Hyers–Ulam–Rassias stability

The stability problem of functional equations originated from a question of Stanislaw Ulam, posed in 1940, concerning the stability of group homomorphisms. In the next year, Donald H. Hyers gave a partial affirmative answer to the question of Ulam in the context of Banach spaces, that was the first significant breakthrough and a step toward more solutions in this area. Since then, a large number of papers have been published in connection with various generalizations of Ulam’s problem and Hyers’s theorem. In 1978, Themistocles M. Rassias succeeded in extending the Hyers’s theorem by considering an unbounded Cauchy difference.[1][2] This exciting result of Rassias attracted several mathematicians worldwide who began to be stimulated to investigate the stability problems of functional equations.

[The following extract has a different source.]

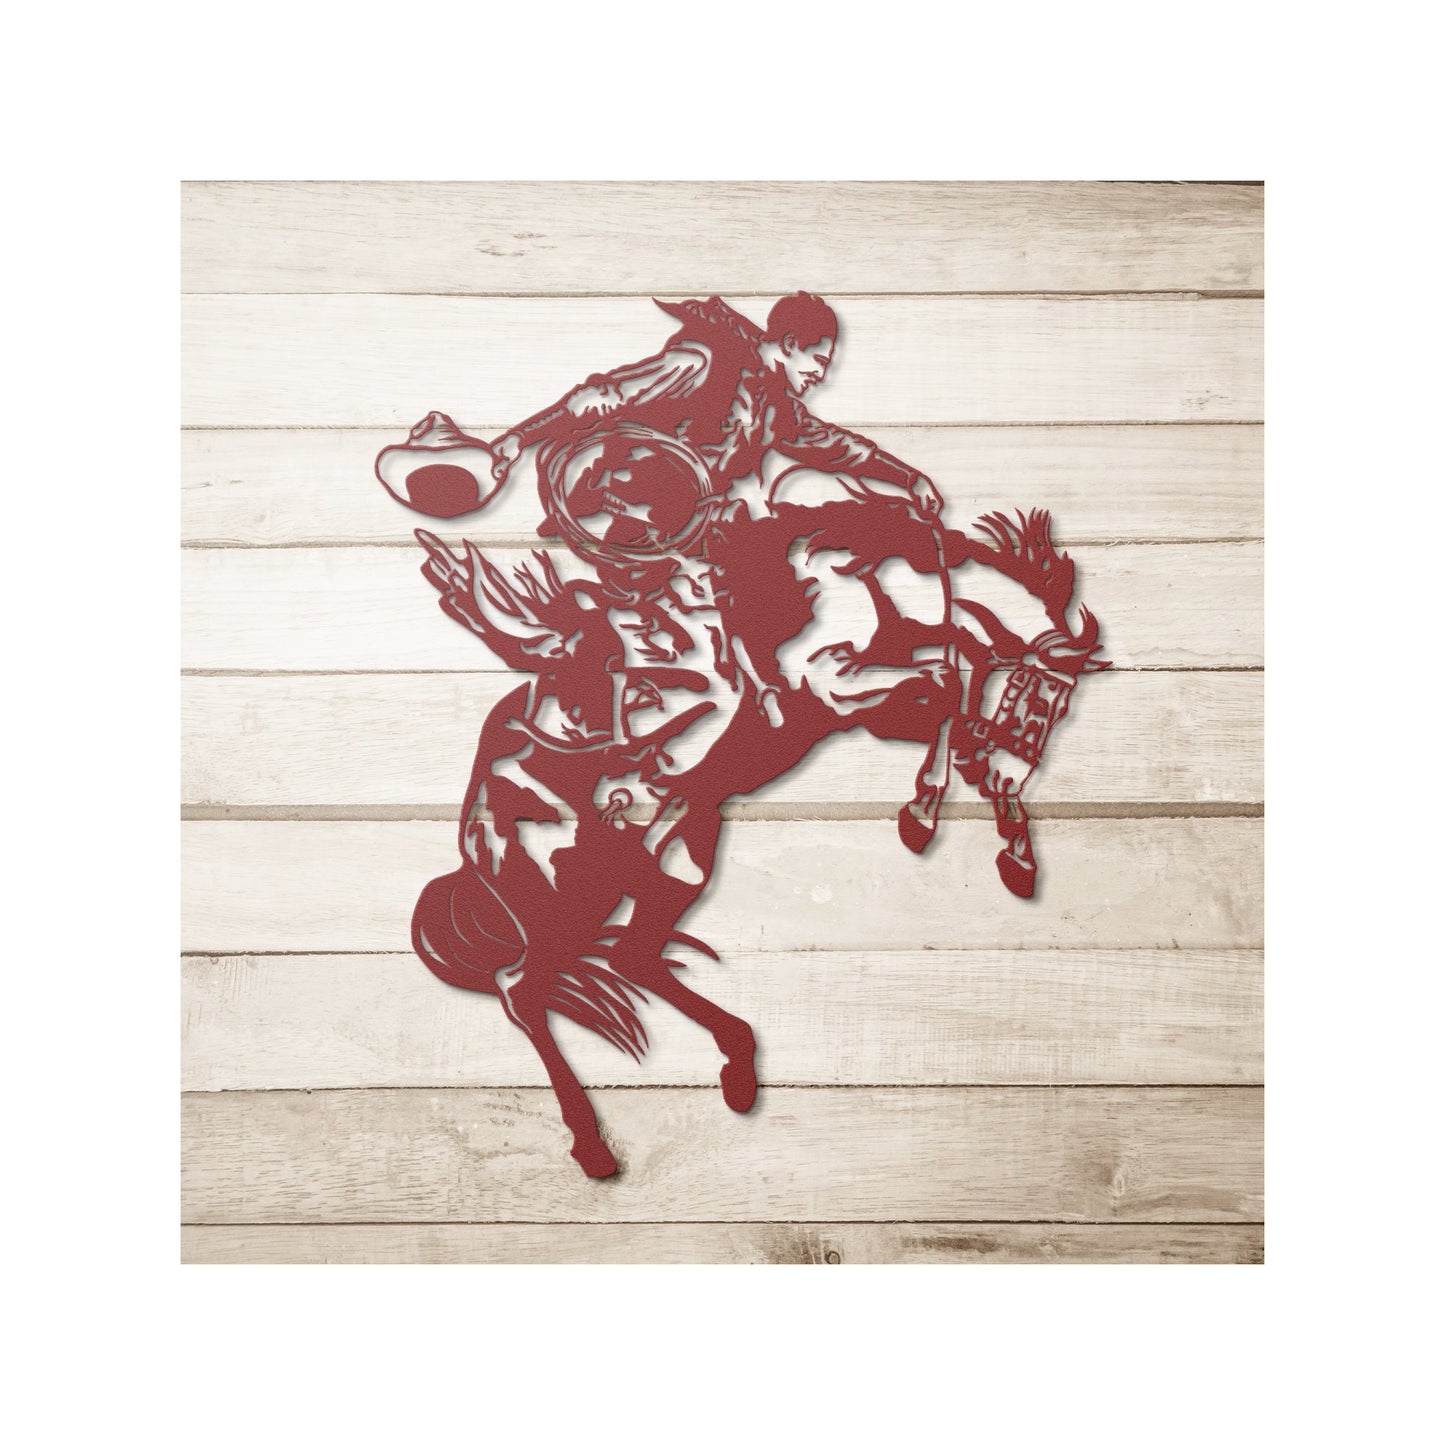 Bronc Riding Cowboy Vintage Old Western Cowboy Metal Wall Decor Ranch Artwork for Cattle or Horse Ranch and Farm, Rustic Wall Art

By regarding a large influence of S. M. Ulam, D. H. Hyers, and Th. M. Rassias on the study of stability problems of functional equations, the stability phenomenon proved by Th. M. Rassias led to the development of what is now known as Hyers–Ulam–Rassias stability[3][4] of functional equations.

References

  1. ^ Th.M. Rassias, On the stability of the linear mapping in Banach spaces, Proc. Amer. Math. Soc. 72(1978), 297–300.
  2. ^ D. H. Hyers, G. Isac and Th. M. Rassias,Stability of Functional Equations in Several Variables, Birkhäuser Verlag, Boston, Basel, Berlin, 1998.
  3. ^ S.-M. Jung, Hyers-Ulam-Rassias Stability of Functional Equations in Nonlinear Analysis, Springer, New York (2011) ISBN 978-1-4419-9636-7.
  4. ^ Hyers-Ulam-Rassias stability, in: Encyclopaedia of Mathematics, Supplement III, M. Hazewinkel (ed.), Kluwer Academic Publishers, Dordrecht, 2001, pp.194-196.